WORK INSTRUCTION: Write the records out exactly as shown. No pictures.

MATERIAL SUPPLIED:
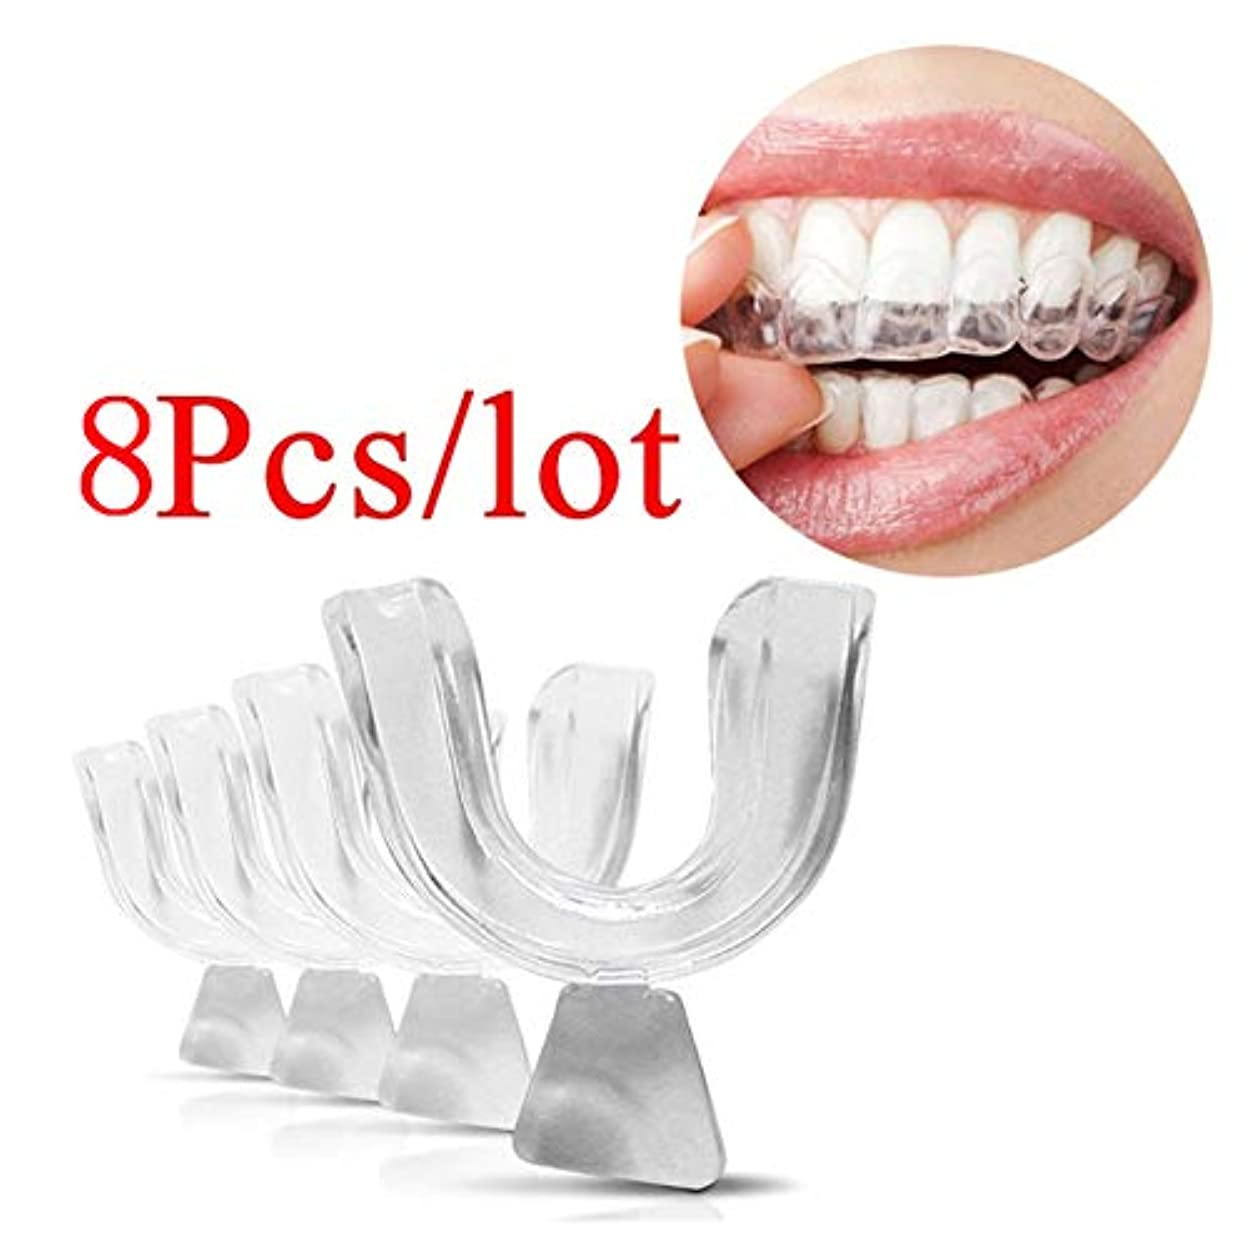 プレビューフォームウィスキー8Pcs 食品等級を白くする口の皿の透明なThermoformの成形可能な歯科歯の口の歯
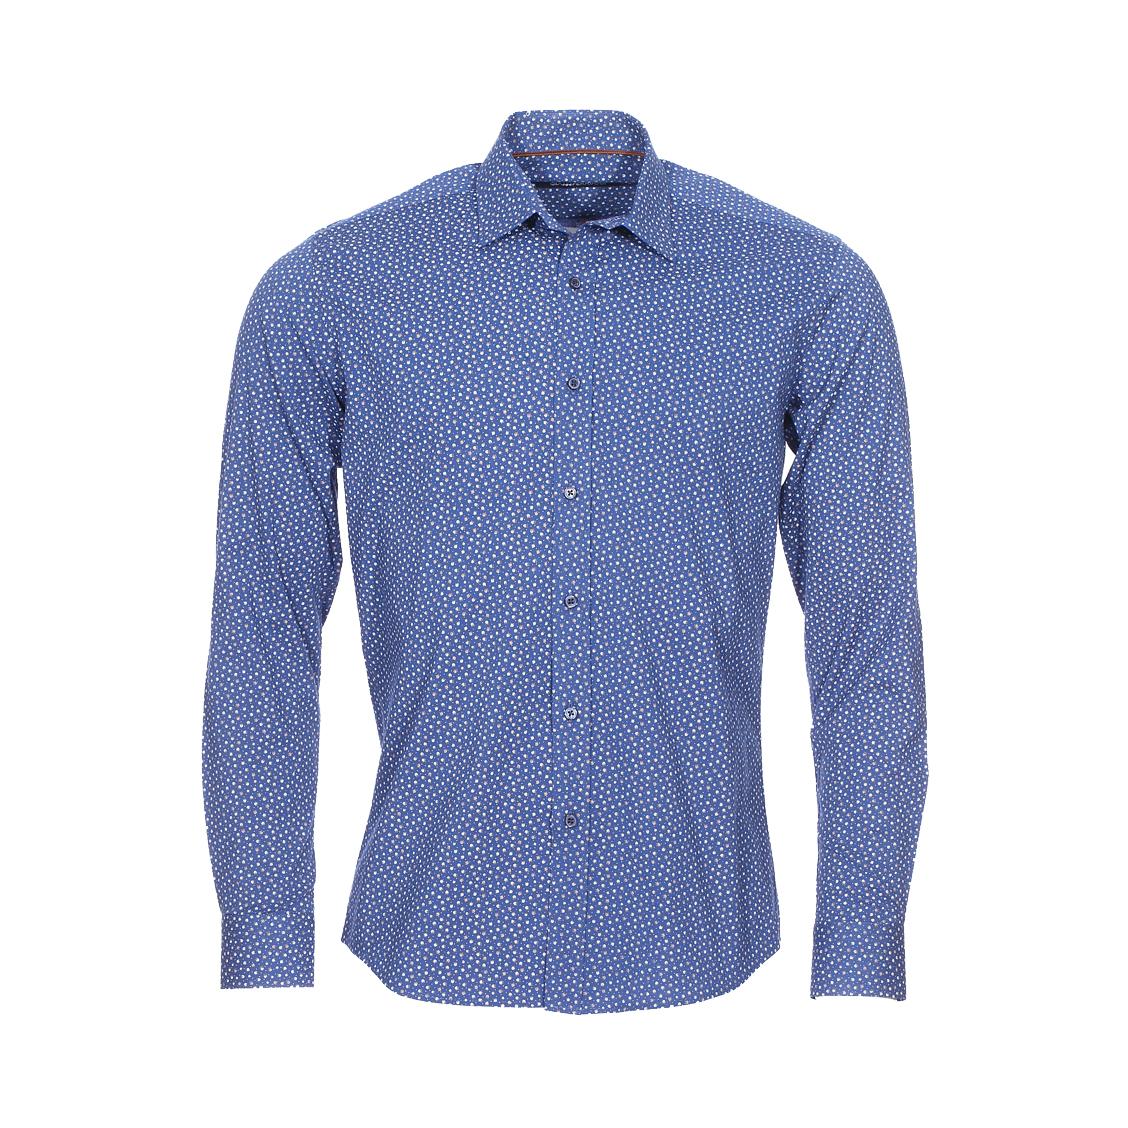 Chemise cintrée  en coton bleu marine à fleurs blanches et marrons
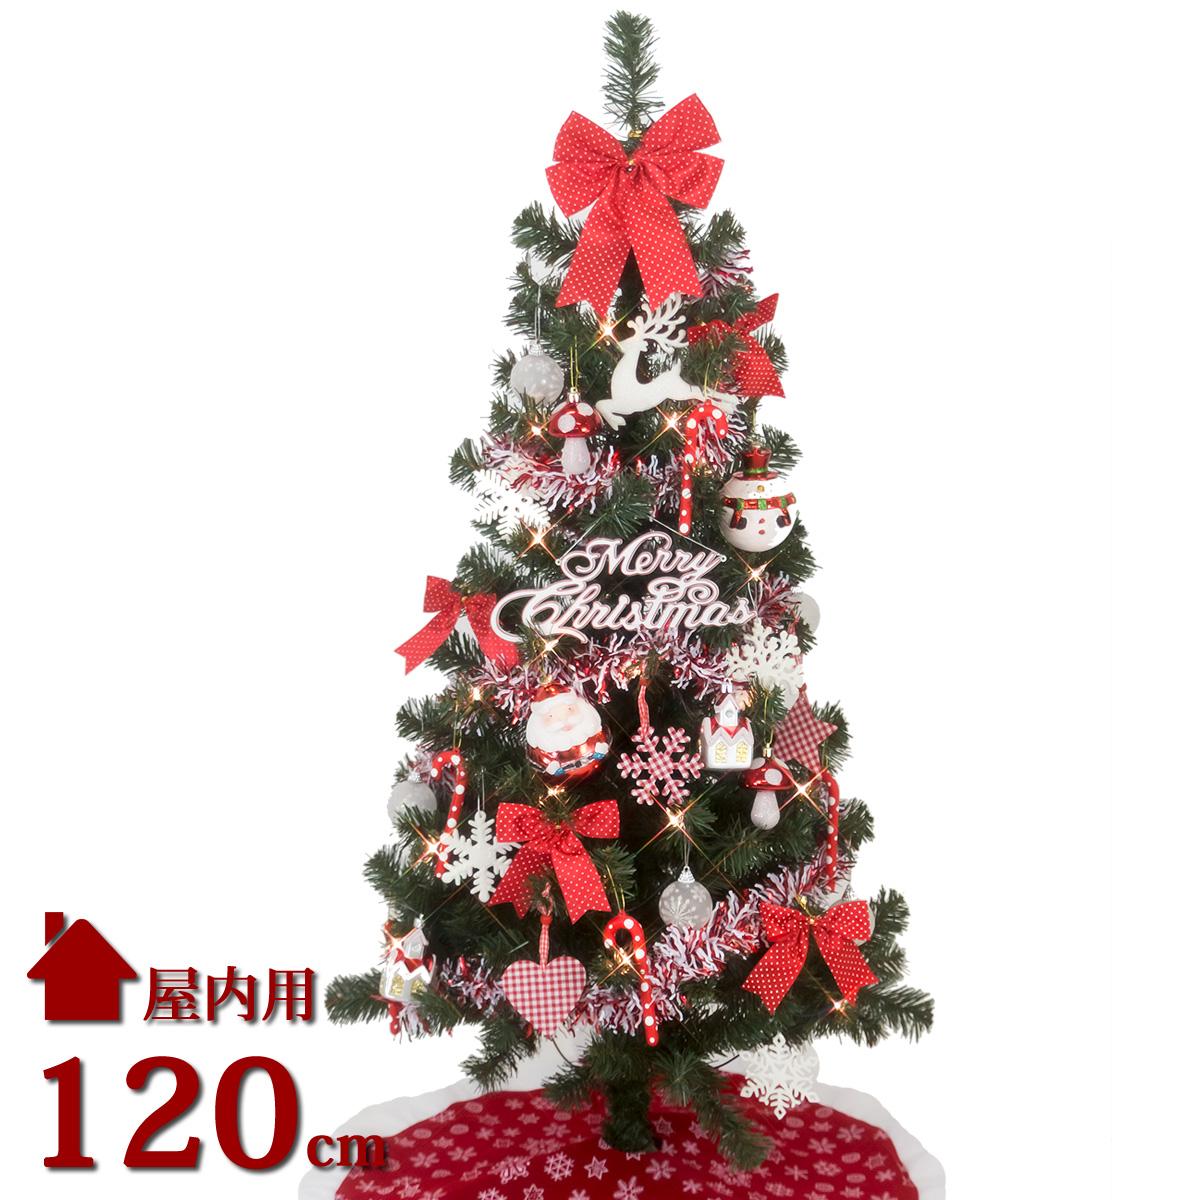 クリスマスツリー 北欧 120cm LED ツリーセット北欧 ノルディック おしゃれ
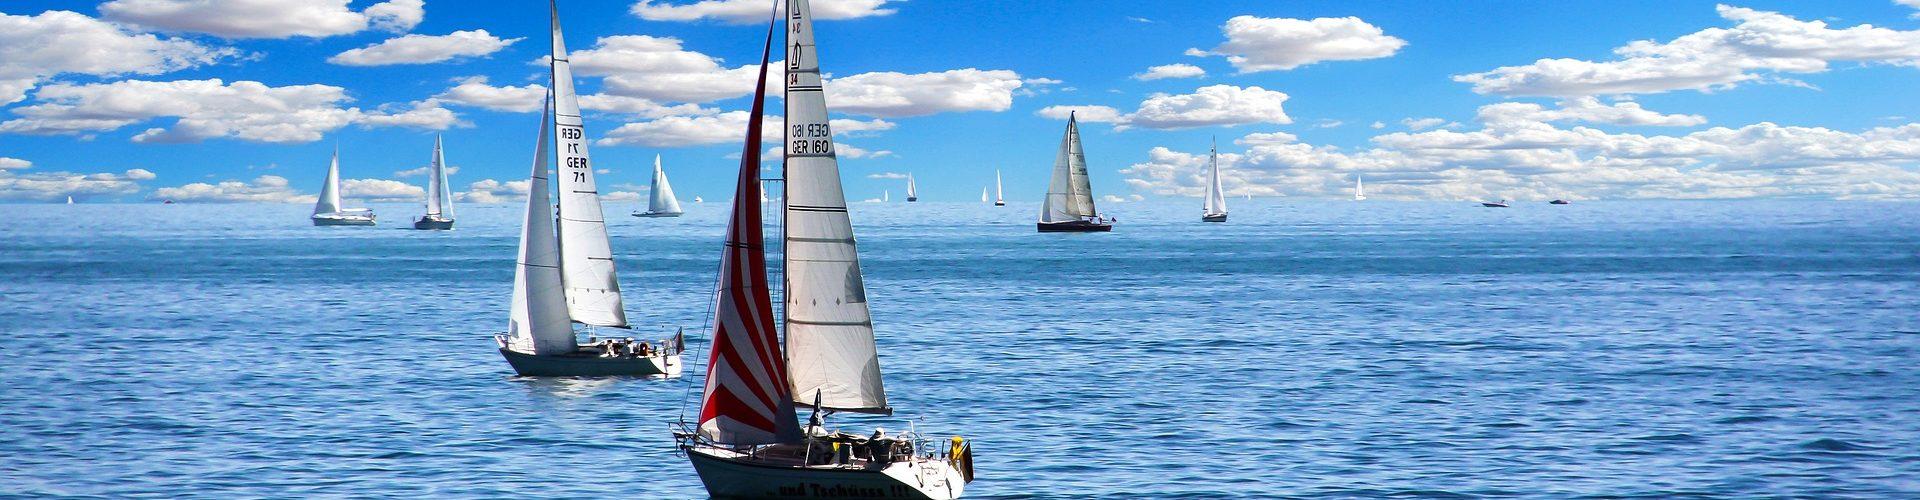 segeln lernen in Erlensee segelschein machen in Erlensee 1920x500 - Segeln lernen in Erlensee
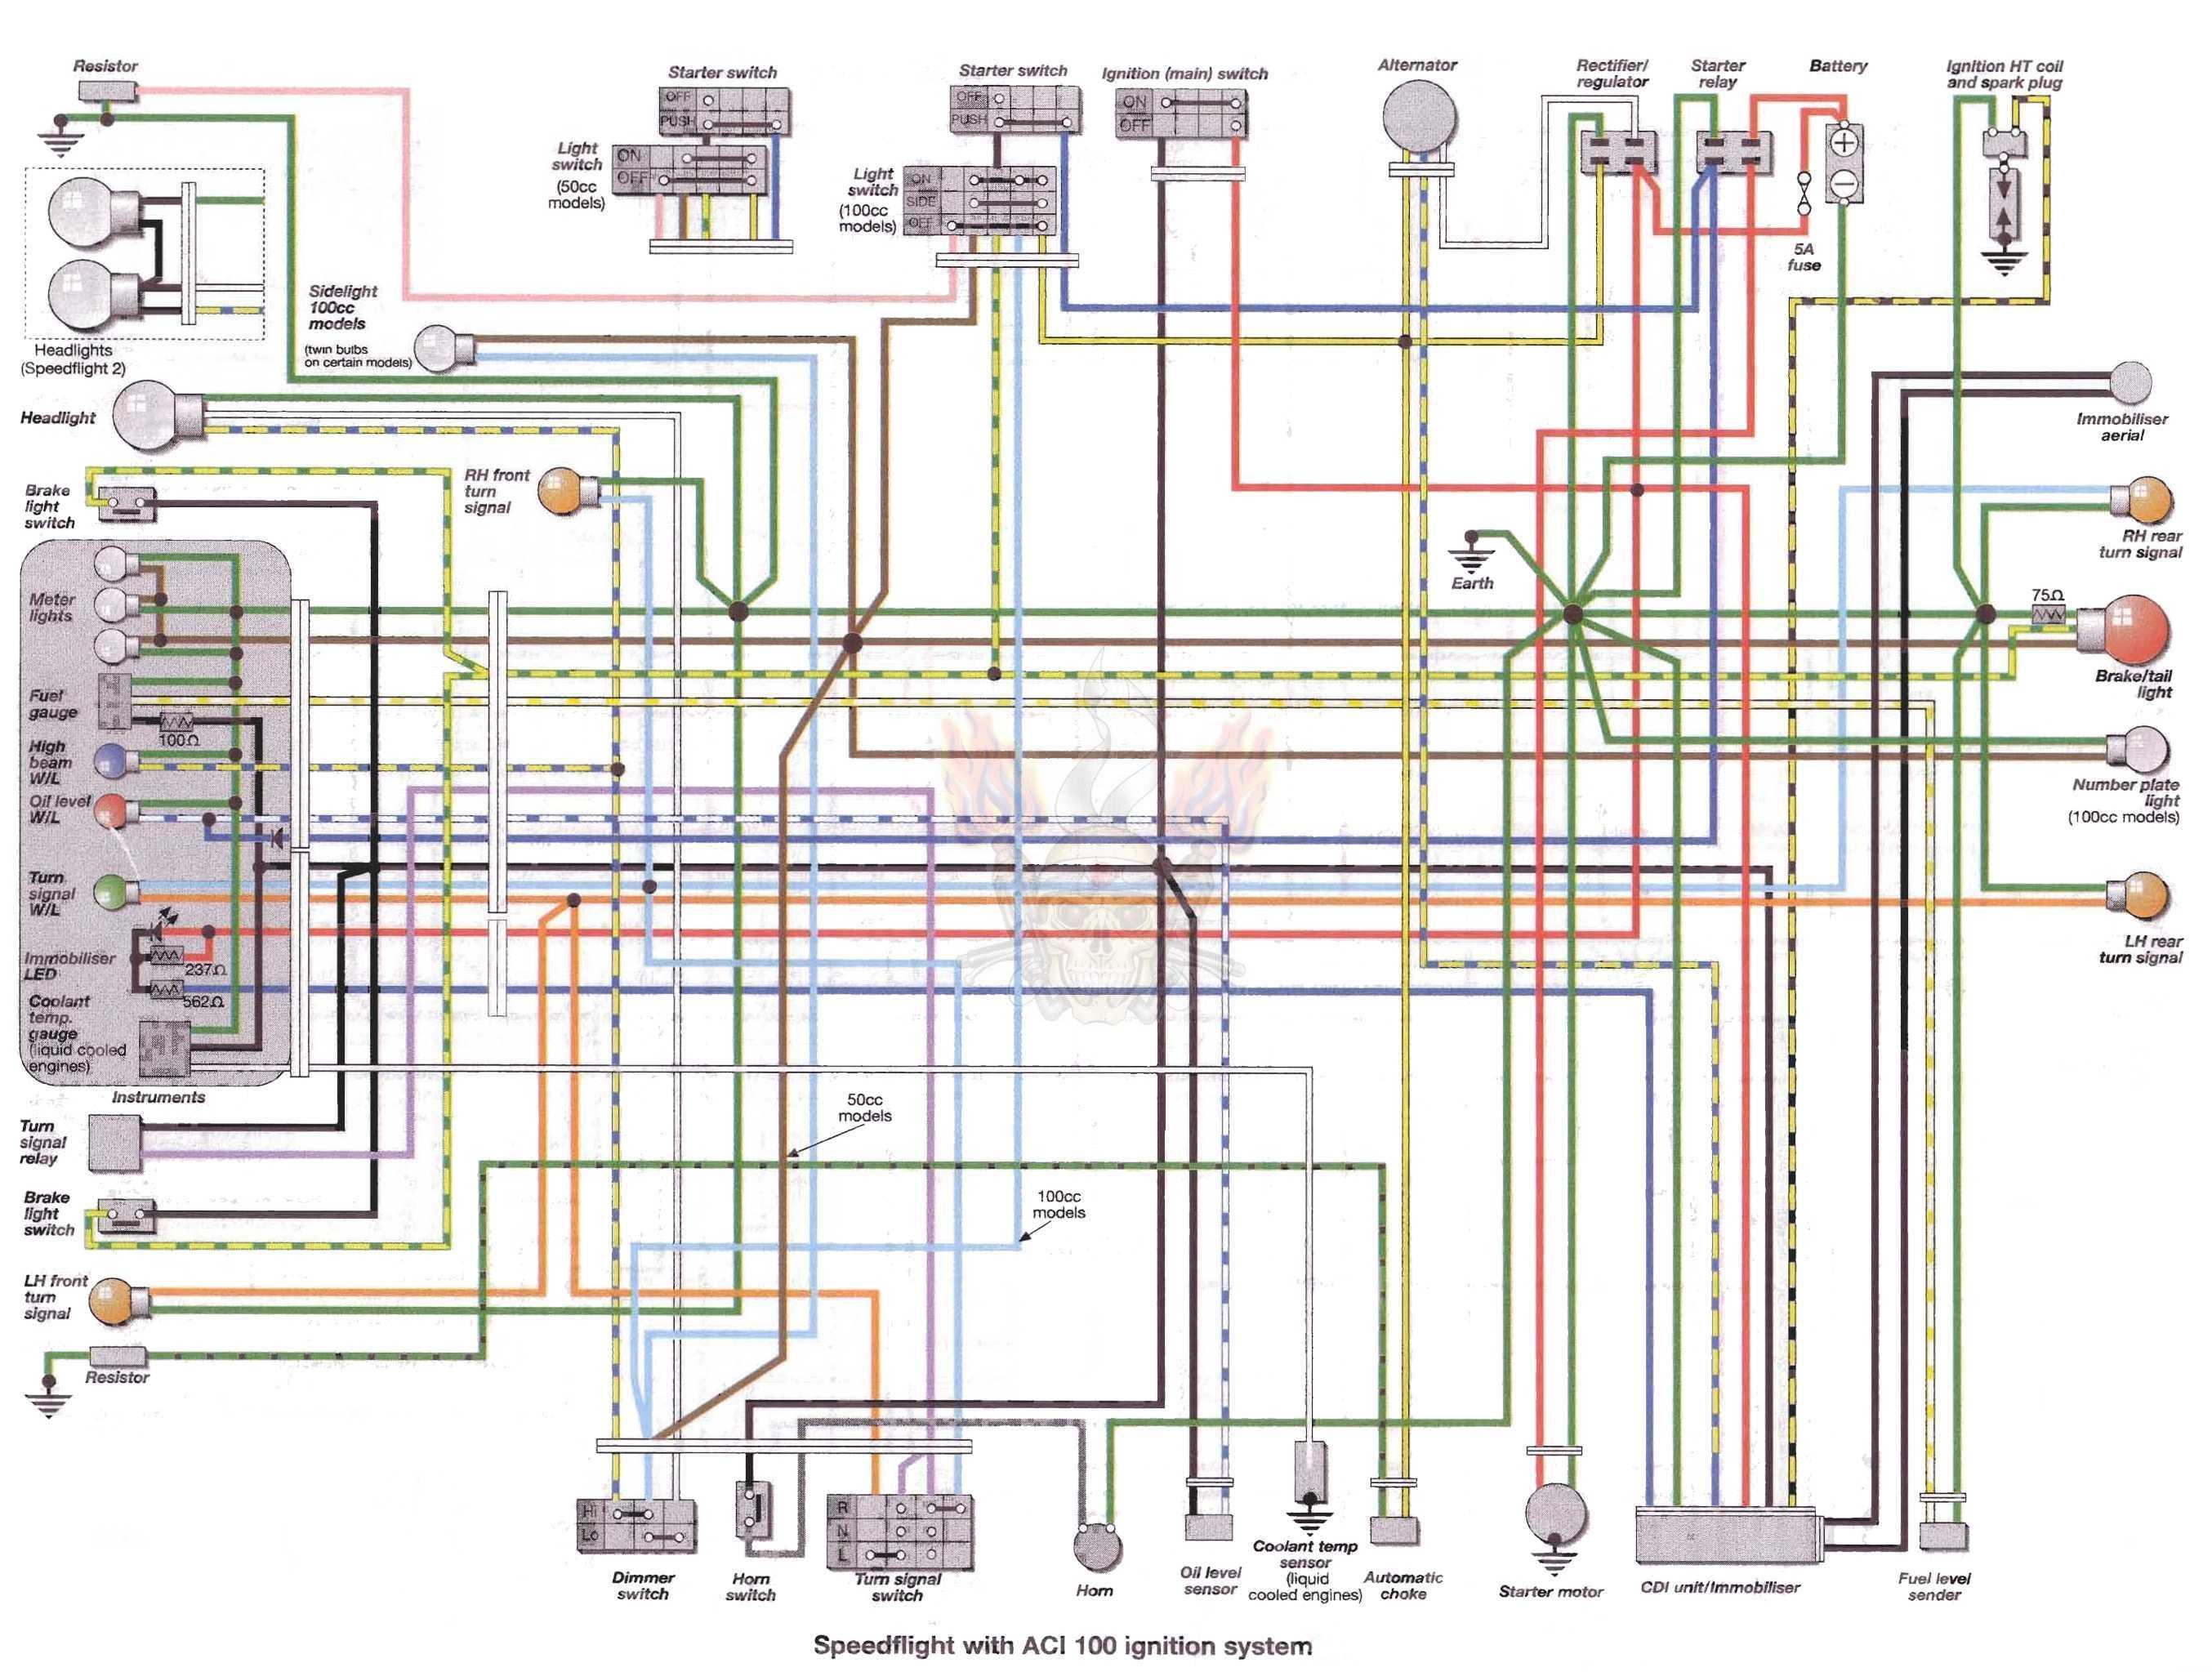 moto_schem_Peugeot_Speedfight_with_ACI100_ignition_scooter?t=1438370584 suzuki eiger 400 ignition wiring diagram arctic cat 650 wiring Suzuki Eiger 400 Problems at crackthecode.co

ANSWER BOX:
 プレビューフォームウィスキー8Pcs 食品等級を白くする口の皿の透明なThermoformの成形可能な歯科歯の口の歯
 Chemise cintrée  en coton bleu marine à fleurs blanches et marrons
 クリスマスツリー 北欧 120cm LED ツリーセット北欧 ノルディック おしゃれ
 segeln lernen in Erlensee segelschein machen in Erlensee 1920x500 - Segeln lernen in Erlensee
 moto_schem_Peugeot_Speedfight_with_ACI100_ignition_scooter?t=1438370584 suzuki eiger 400 ignition wiring diagram arctic cat 650 wiring Suzuki Eiger 400 Problems at crackthecode.co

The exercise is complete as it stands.